Giornata abbastanza deludente, bisogna ammetterlo. L’unica sorpresa, indiscutibilmente meritevole di encomio, la si è trovata nel Concorso internazionale con L’abri di Fernand Melgar, documentario elvetico che, proprio come il conterraneo Viktoria, visionato e recensito due giorni addietro, contribuisce a sfatare il mito della Svizzera come terra dell’oro, dell’abbondanza e della libertà, dove il lavoro si trova sotto i sassi, le puttane sono felici di fare le puttane perché lo stato le protegge e gli immigrati si integrano nel tessuto sociale come se niente fosse. L’abri, cioè il rifugio, potrebbe addirittura considerarsi un film di fantascienza, non perché tratta di cose irreali, futuribili, stentatamente ipotizzabili, ma proprio perché tematizza situazioni che, dieci o quindici anni fa, erano appannaggio della science-fiction americana: ovvero l’idea, tra le tante, di un gruppo di rifugiati da ogni parte del mondo che bussa alle porte di un dormitorio pubblico di Losanna per ottenere un posto letto, un pasto decente e la possibilità di farsi una doccia. Naturalmente i posti letto sono limitati, i più scaltri ottengono una tessera speciale per passare davanti agli altri, e gli altri s’attaccano e dormono per le strade, rischiando di prendersi una multa per aver bivaccato su una panchina al parco o nel parcheggio della stazione. Melgar segue le vicende di questi disgraziati, alcuni dei quali europei in fuga dalla crisi, che lottano, si arrabbiano, e alla fine gettano la spugna chi tornando a casa propria, chi prendendo sterilmente a calci l’inamovibile porta del rifugio che l’ha rifiutato. Se non sei svizzero non lavori, se non hai la tessera non mangi. L’abri è la metafora di quello che sta diventando l’Europa in recessione, ed è la previsione di ciò che sarà presto l’Italia per gli stessi italiani: una società morta, fatta di carte fedeltà, servizi a punti e premi distribuiti senza criterio per accedere ai servizi del welfare. Da brividi.

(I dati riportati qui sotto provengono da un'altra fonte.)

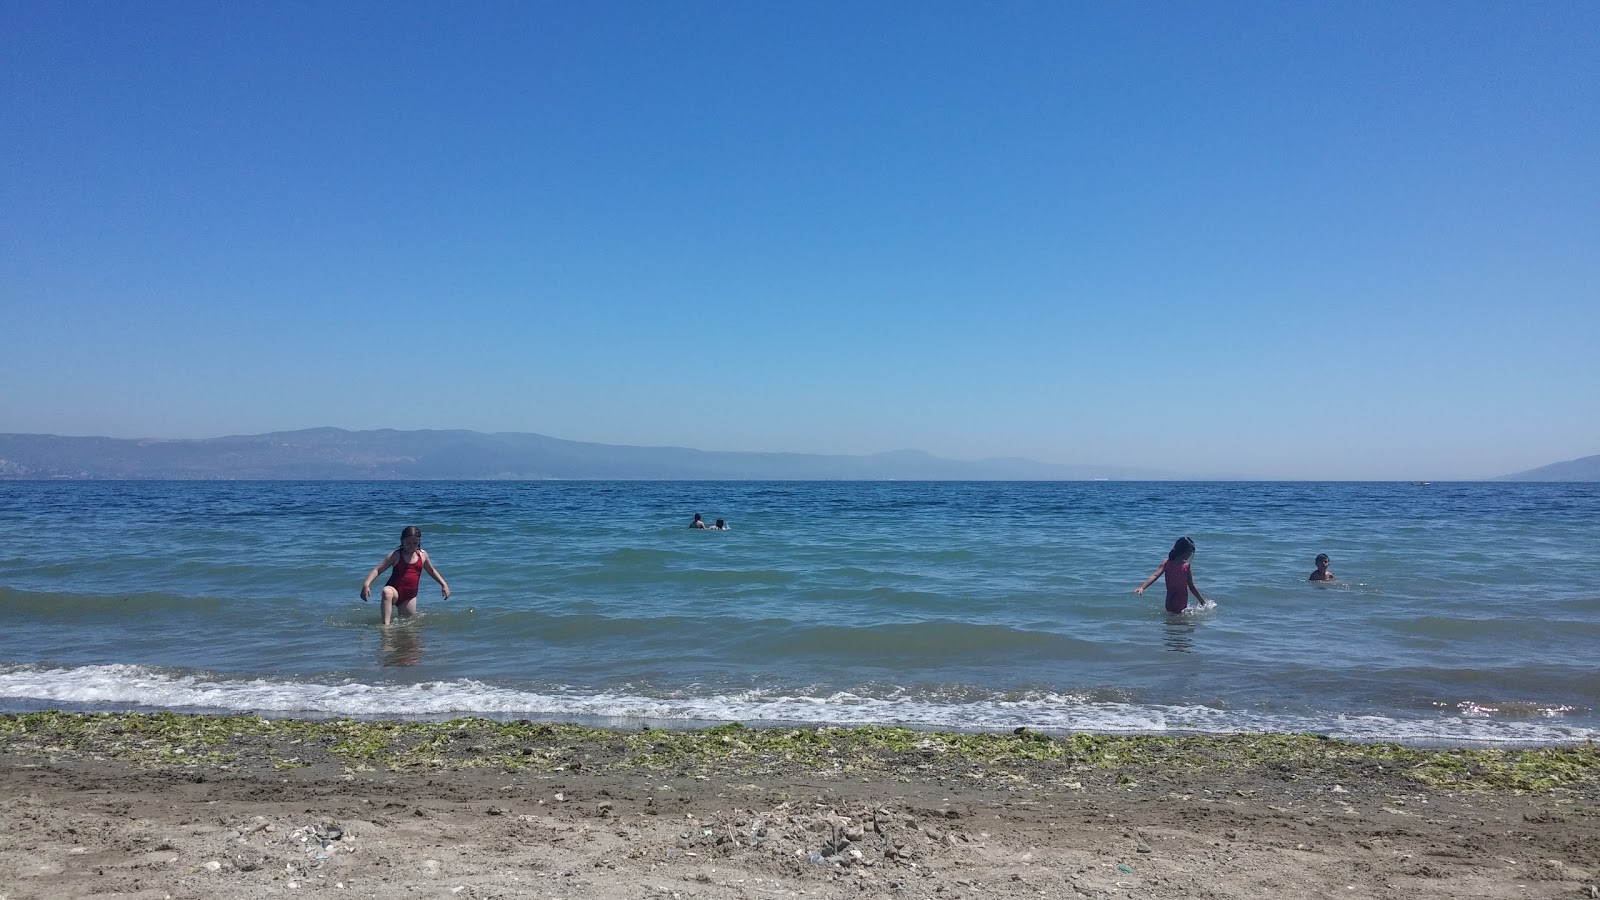 Foto af Kaytazdere beach - populært sted blandt afslapningskendere

Ecco, ora tocca parlare del film forse più atteso dell’intera rassegna, Cure – The Life of Another della svizzera Andrea Staka. Chi è costei, vi chiederete voi… Ebbene sì, è una cineasta che ha vinto il Pardo d’oro nel 2006 con un film intitolato Das Fraeulein, e che nel 2013 ha prodotto una pellicola storica innominabile, a firma di Thomas Imbach, ovvero Mary Queen of Scots, pure questa presentata a Locarno. Con Cure, la Staka si è probabilmente fatta della grasse risate nel prenderci tutti quanti per i fondelli, come d’altronde fanno spesso i registi pluripremiati alle kermesse cinematografiche che, forti delle loro onorificenze, possono permettersi qualunque bizzarria. Peccato che stavolta non ci abbia creduto nessuno, almeno a giudicare dai commenti a caldo spifferati dalla platea: a Dubrovnik, la Ragusa di Dalmazia, così è chiamata questa piacevolissima cittadina croata, ci stanno due ragazzette magre, mosce e pure antipatiche. Sono amiche per la pelle, ma poi si scopre che una è vittima dell’altra, che l’altra è mezza lesbica, e alla fine la più cattiva finisce ammazzata. La superstite la fa franca, e a quel punto entra nella vita della morta, parlando con il suo fantasma, frequentandone la madre e la nonna, e uscendo persino con il suo spasimante. Perché? Senso di colpa? Desiderio di identificarsi con la defunta, e quindi di entrare nella vita di qualcun altro come dice il titolo? Macché, il film è tutto un delirio di azioni non risolte, sguardi, ammiccamenti, vai dalla nonna, parla con la madre, mettiti il vestito della morta, parla ancora con la nonna e via discorrendo. Nessuna costruzione drammaturgica, nessun senso della sceneggiatura, personaggi che entrano ed escono di scena senza che nessuno di loro faccia qualcosa di così incisivo da giustificare l’ora e venti del metraggio.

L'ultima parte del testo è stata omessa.